WHAT YOU WILL DO:
Write out exactly the lines running from the one with "DUNLOP ダンロップ スポーツ" to the end of the data, including both of those lines and excluding pictures.
(Beginning of DATA)
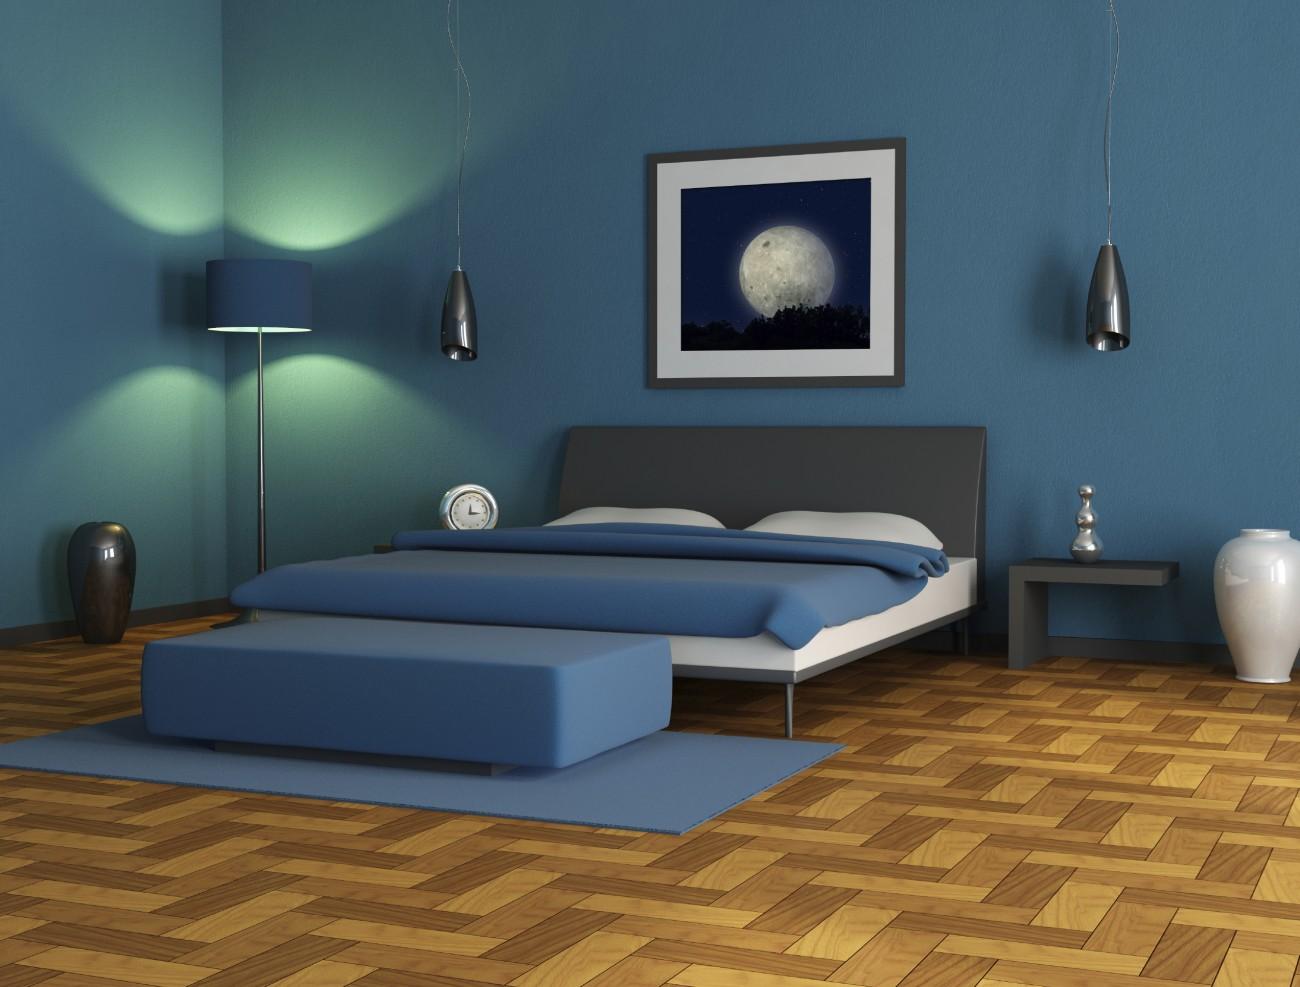 wandfarbe free wandfarbe grau fr af poesie der stille hf web with wandfarbe stunning wandfarbe. Black Bedroom Furniture Sets. Home Design Ideas
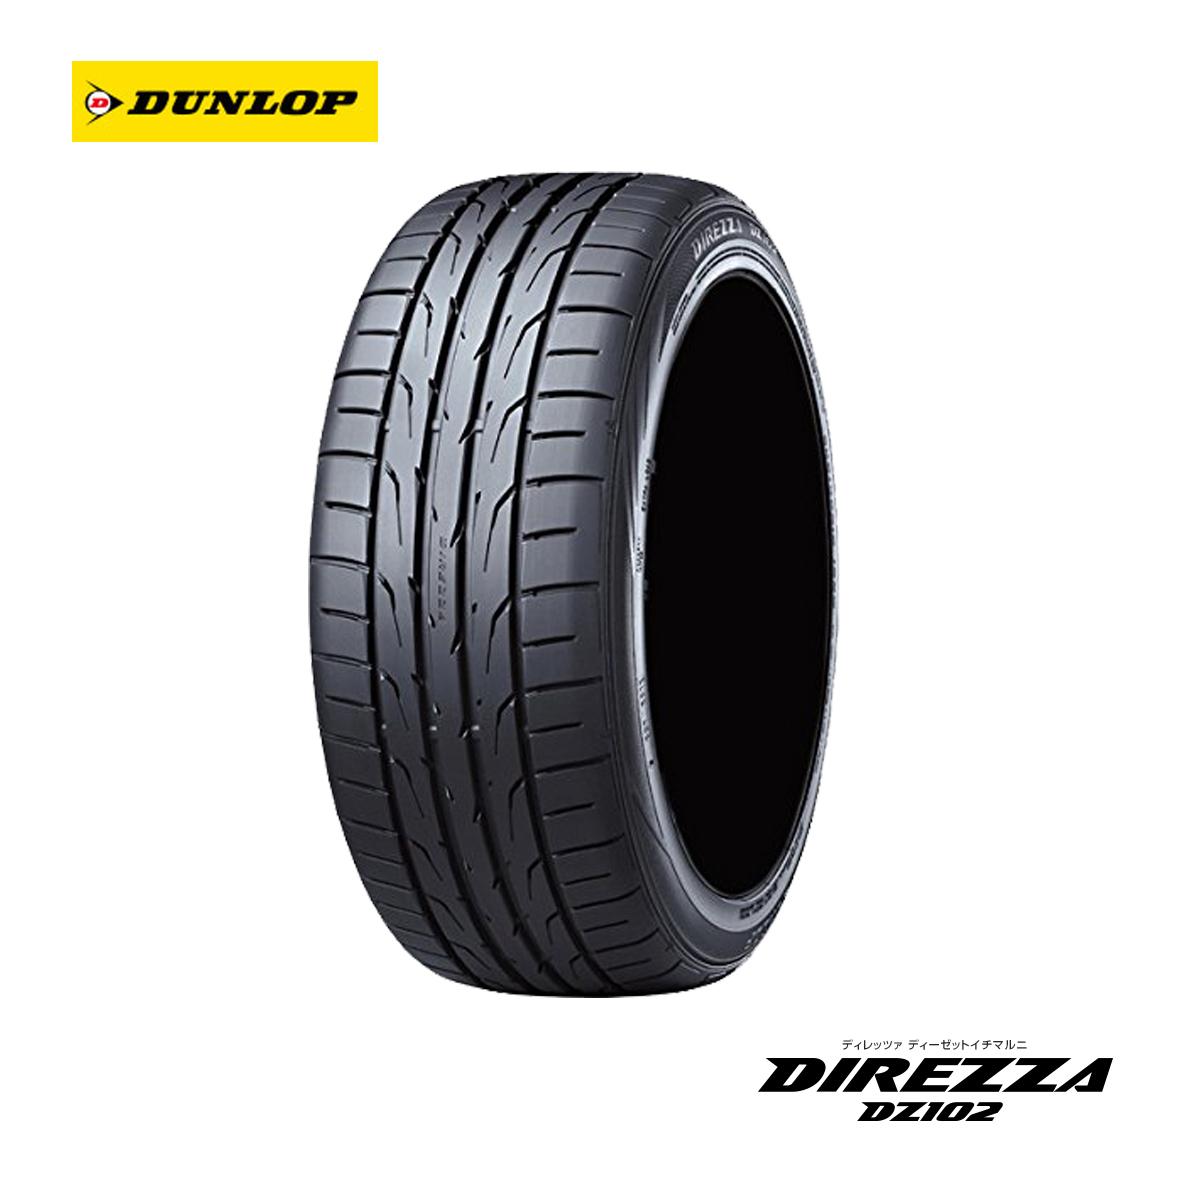 DUNLOP ダンロップ スポーツ サマータイヤ 4本 セット 17インチ 205/45R17 DIREZZA DZ102 ディレッツァ
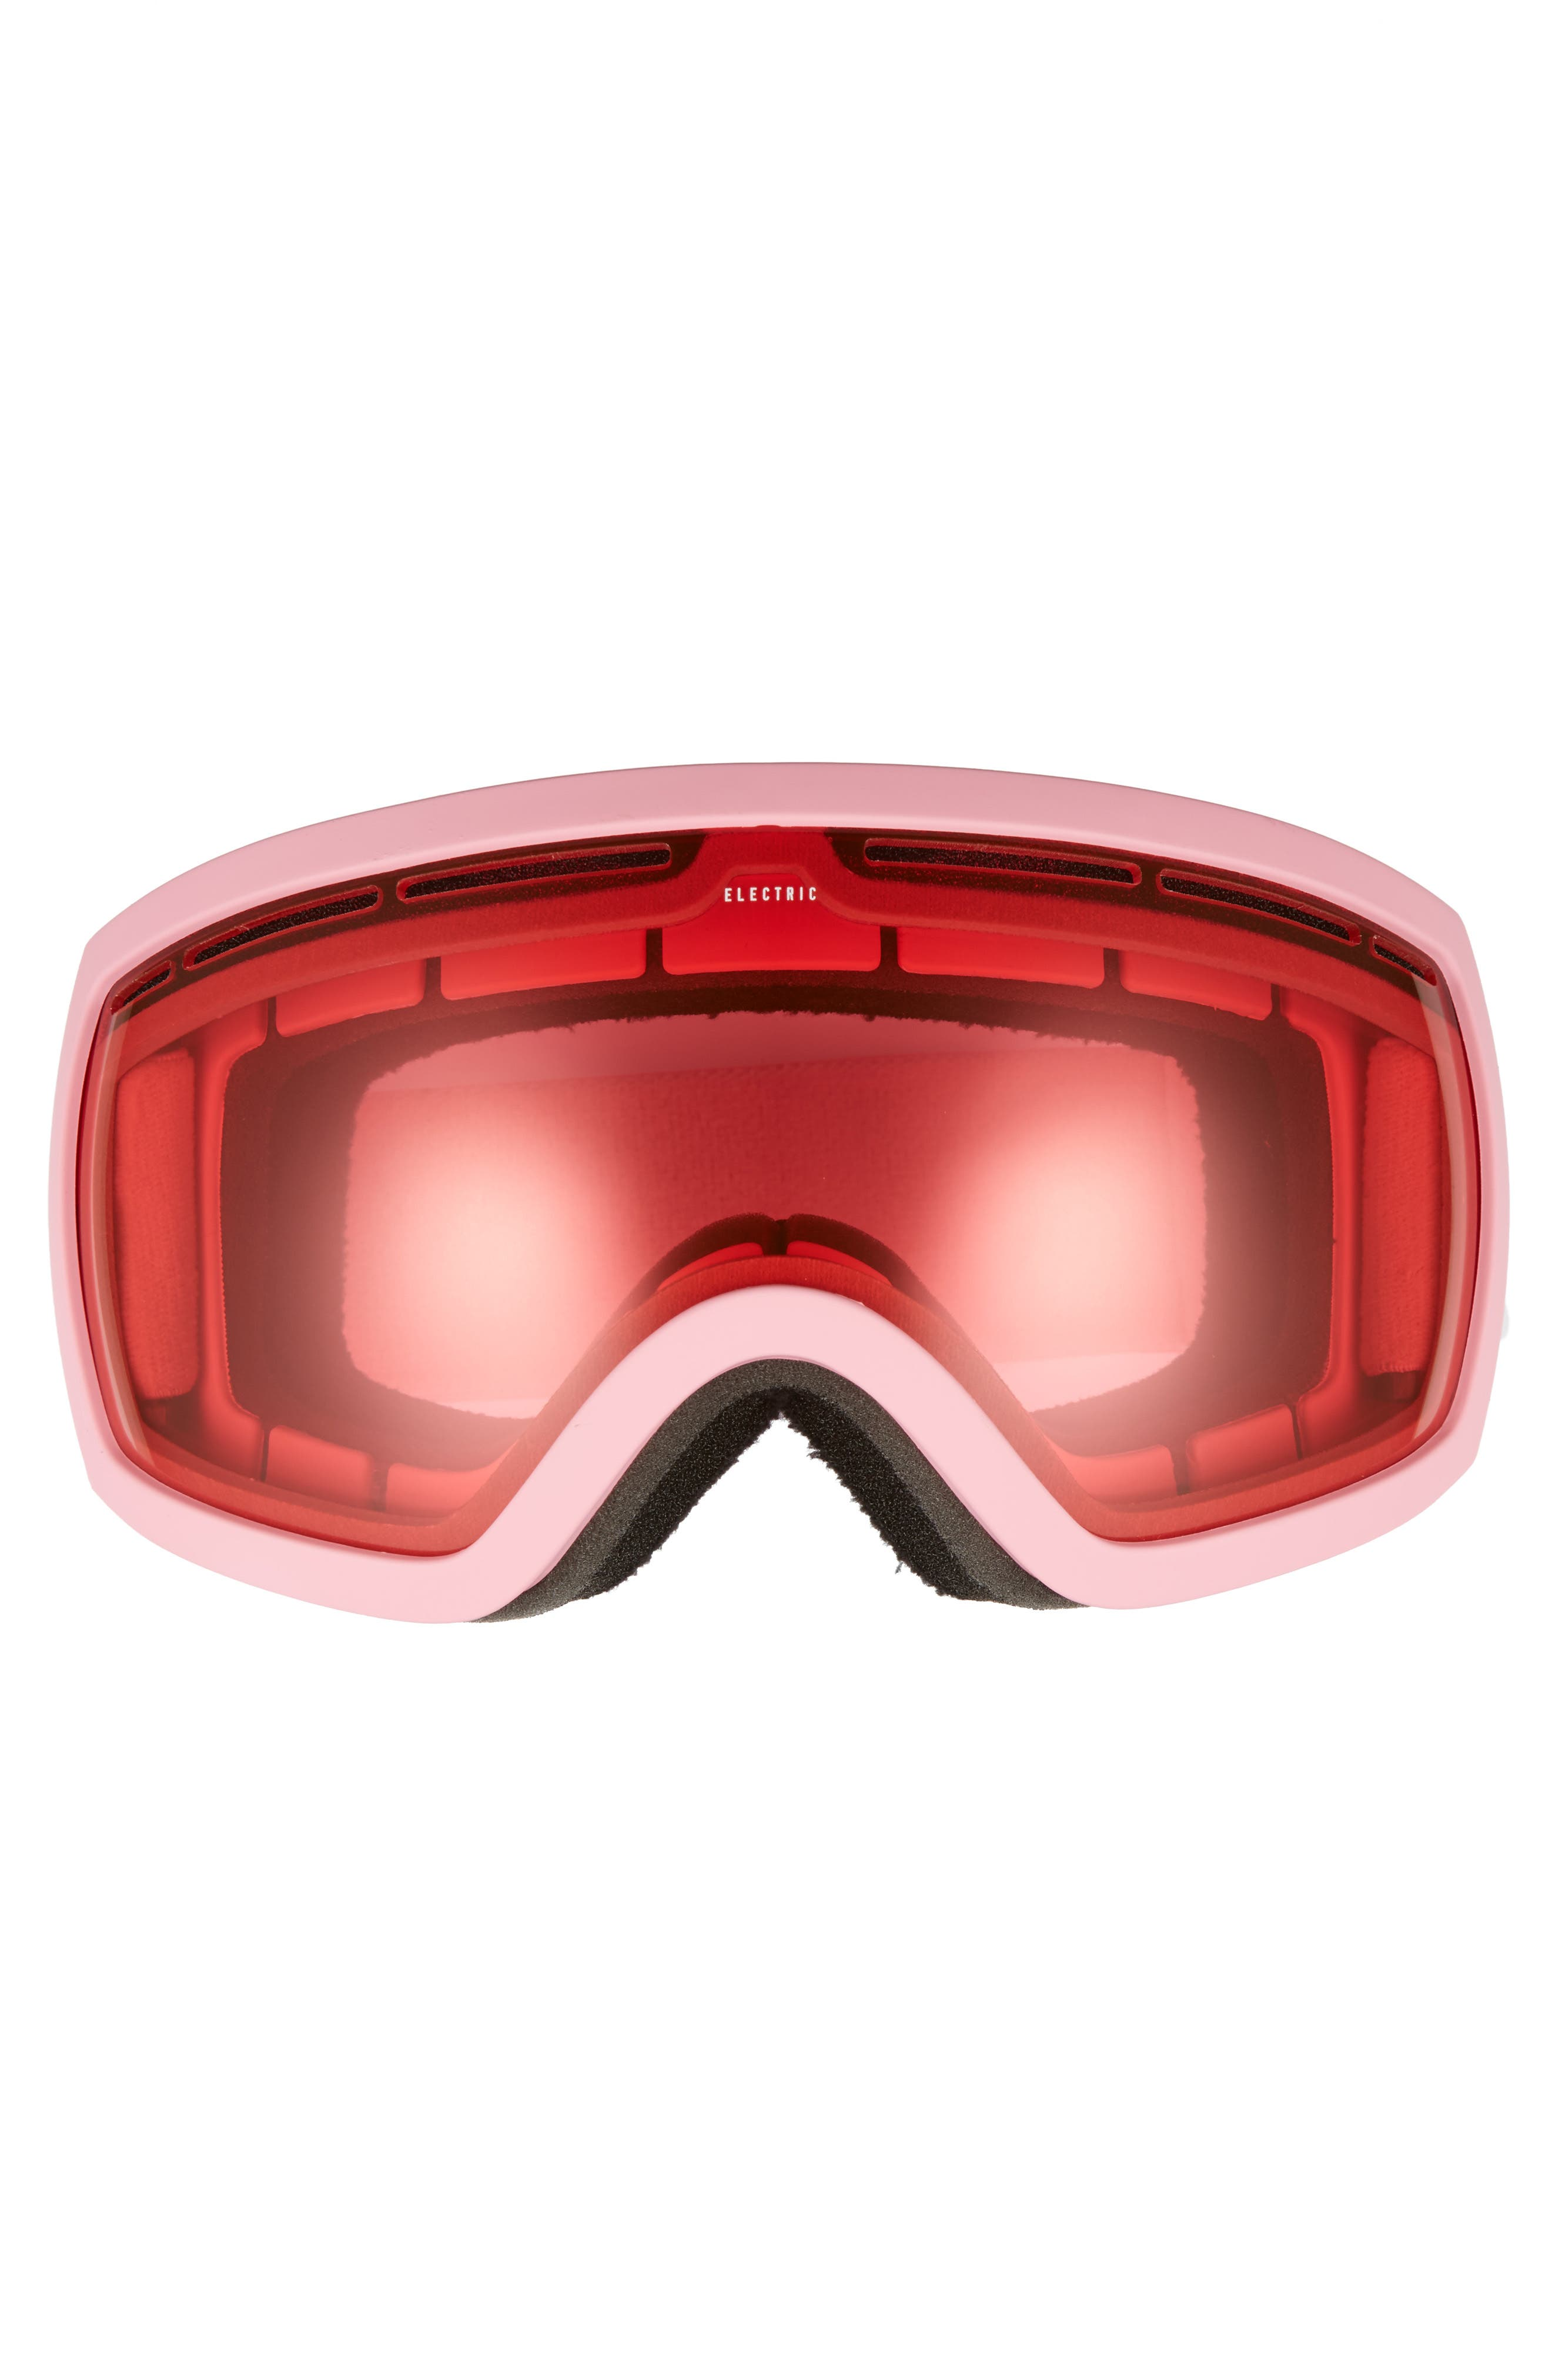 EG2.5 Snow Goggles,                             Alternate thumbnail 17, color,
(End of DATA)
WRITTEN SOLUTION:
 DUNLOP ダンロップ スポーツ サマータイヤ 4本 セット 17インチ 205/45R17 DIREZZA DZ102 ディレッツァ
 EG2.5 Snow Goggles,                             Alternate thumbnail 17, color,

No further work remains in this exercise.